A li Celi gran festa si faci,
a la Chièsia càntanu ancora
e la terra già ‘ndi odora
di rosi e fiori.
E’ nesciutu lu Redentori,
porta beni, porta vita
e ogni grazia e noi ‘ndi ‘mbita
all’unioni.
Porta grazii pe’ li boni,
pe’ li mali lu so’ aiutu:
tutti quelli chi l’hannu perdutu
lu vannu a trovari.
E lu vaci a ritrovari
cu’ ha lasciatu la bona via:
ca a lu Celu non s’arriva,
c’è lu sigillu.
Non guardati ch’è piccirillu,
ca jè grandi e onnipotenti,
è sicuru ed assistenti
fino alla morti.
Figliu natu di menzanotti,
figliu nudu e povarellu,
omu tantu rispettusellu
è ‘nta la paglia!
E’ copertu cu’ ‘na tovaglia,
è copertu cu’ ver’amori,
la so’ mamma cu’ tanto splendori
lu stringi al pettu.
O divinu me’ Pargolettu,
li Sant’Angeli calaru
e Maria la cumbitaru
a la capanna.
Chida notti chi chiovìa manna,
chida notti desiderata,
l’erbiceda non era nata
e spandìa meli.
Risplendenti chi siti a lu Cielu,
risplendenti chi siti a la grutta,
risplendenti è l’aria tutta
ch’è maiestosa!
E lu voi cu’ l’asinellu
ch’adoravanu lu Gran Santu,
San Giuseppi ch’è vecchiarellu
è veneratu.
Si cogghjru li pasturi
tutti attornu a la capanna,
adoravanu lu Missìa
e la Madonna.
Con un po’ di malinconia, il ciclo natalizio terminava il giorno dell’Epifania come tramanda il detto popolare:
«Filati, cara matri, ca li festi su’ passati –
ma rispundi l’Epifania: – ’Gnura no’, ca ’nc’è la mia!»

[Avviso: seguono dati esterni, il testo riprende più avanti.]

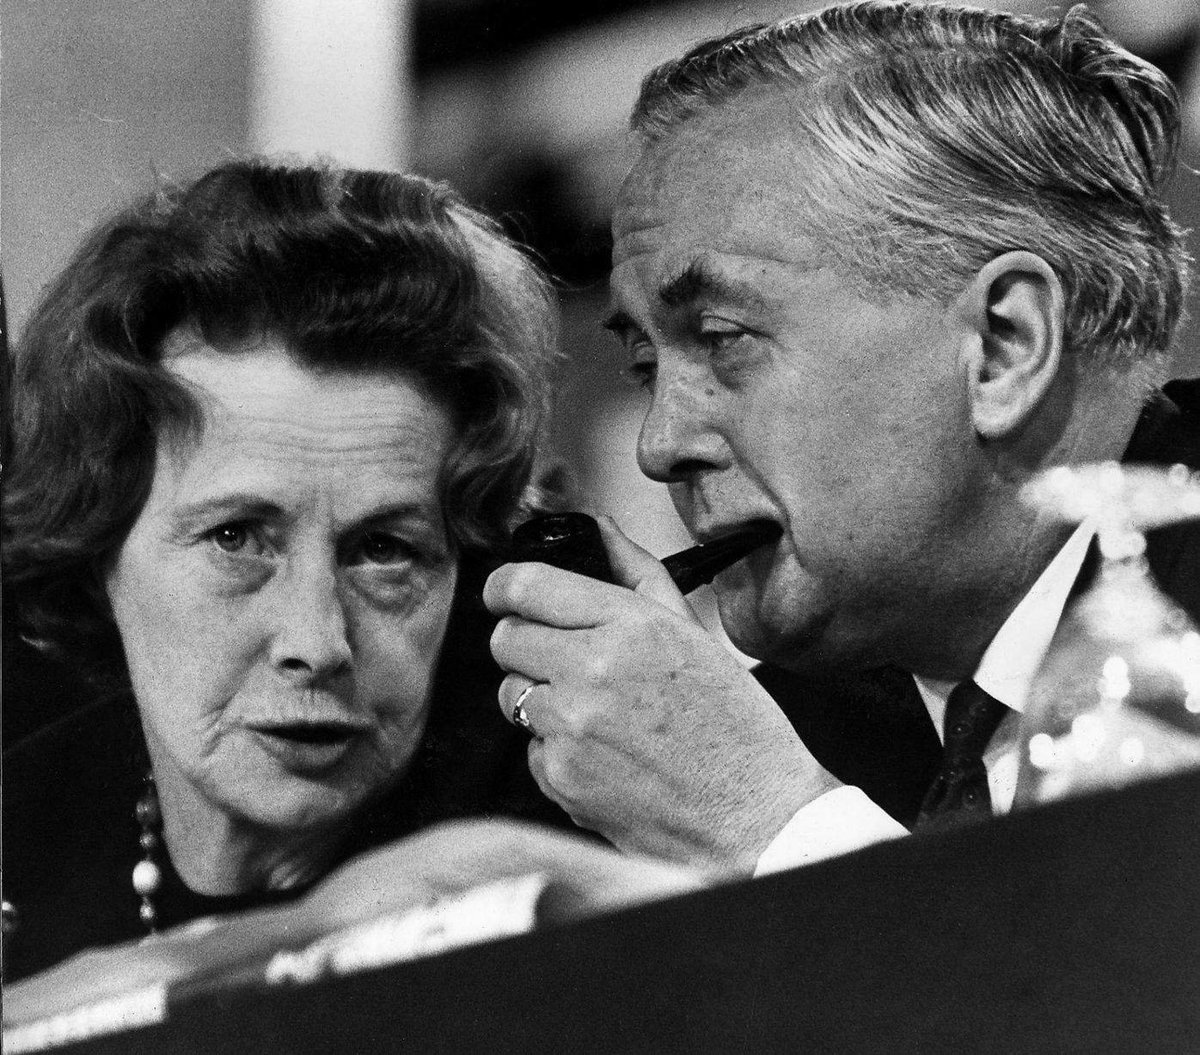 Harold Wilson later recalled how Castle 'worked all hours of the night' to settle the dispute, building a relationship with the machinists. She promised them she would one day bring about equal pay legislation

Il 6 gennaio in chiesa si pubblicavano le “calende”, vale a dire le statistiche religiose riguardanti i battesimi, i matrimoni e i decessi avvenuti durante l’anno nella parrocchia. Per esortare al ravvedimento, venivano segnalati i casi in cui i fedeli non avevano ricevuto gli ultimi sacramenti.
All’uscita dal luogo sacro, gli amici si scambiavano i saluti e rinnovavano gli auguri per l’anno nascente.
La Befana, durante la notte, portava ai bambini cattivi cenere e carbone e ai buoni un modesto dono: la moderna tecnologia non era neppure immaginabile.
La celebrazione del Natale non dovrebbe esaurirsi nell’angusto spazio temporale, in quanto il Cristianesimo è viva attualità, è la verità che rende liberi, è il nascere di nuovo che Gesù annuncia a Nicodemo.
Dio ha tanto amato il mondo da dare il Figlio unigenito. La Luce è venuta sulla Terra ma gli uomini hanno preferito le tenebre. Difronte all’Onnipotente anche i più diseredati sono importanti, lo Spirito Divino è gratuito come il vento.
Soltanto dall’amore verso il prossimo potremo affermare che ancora è Natale.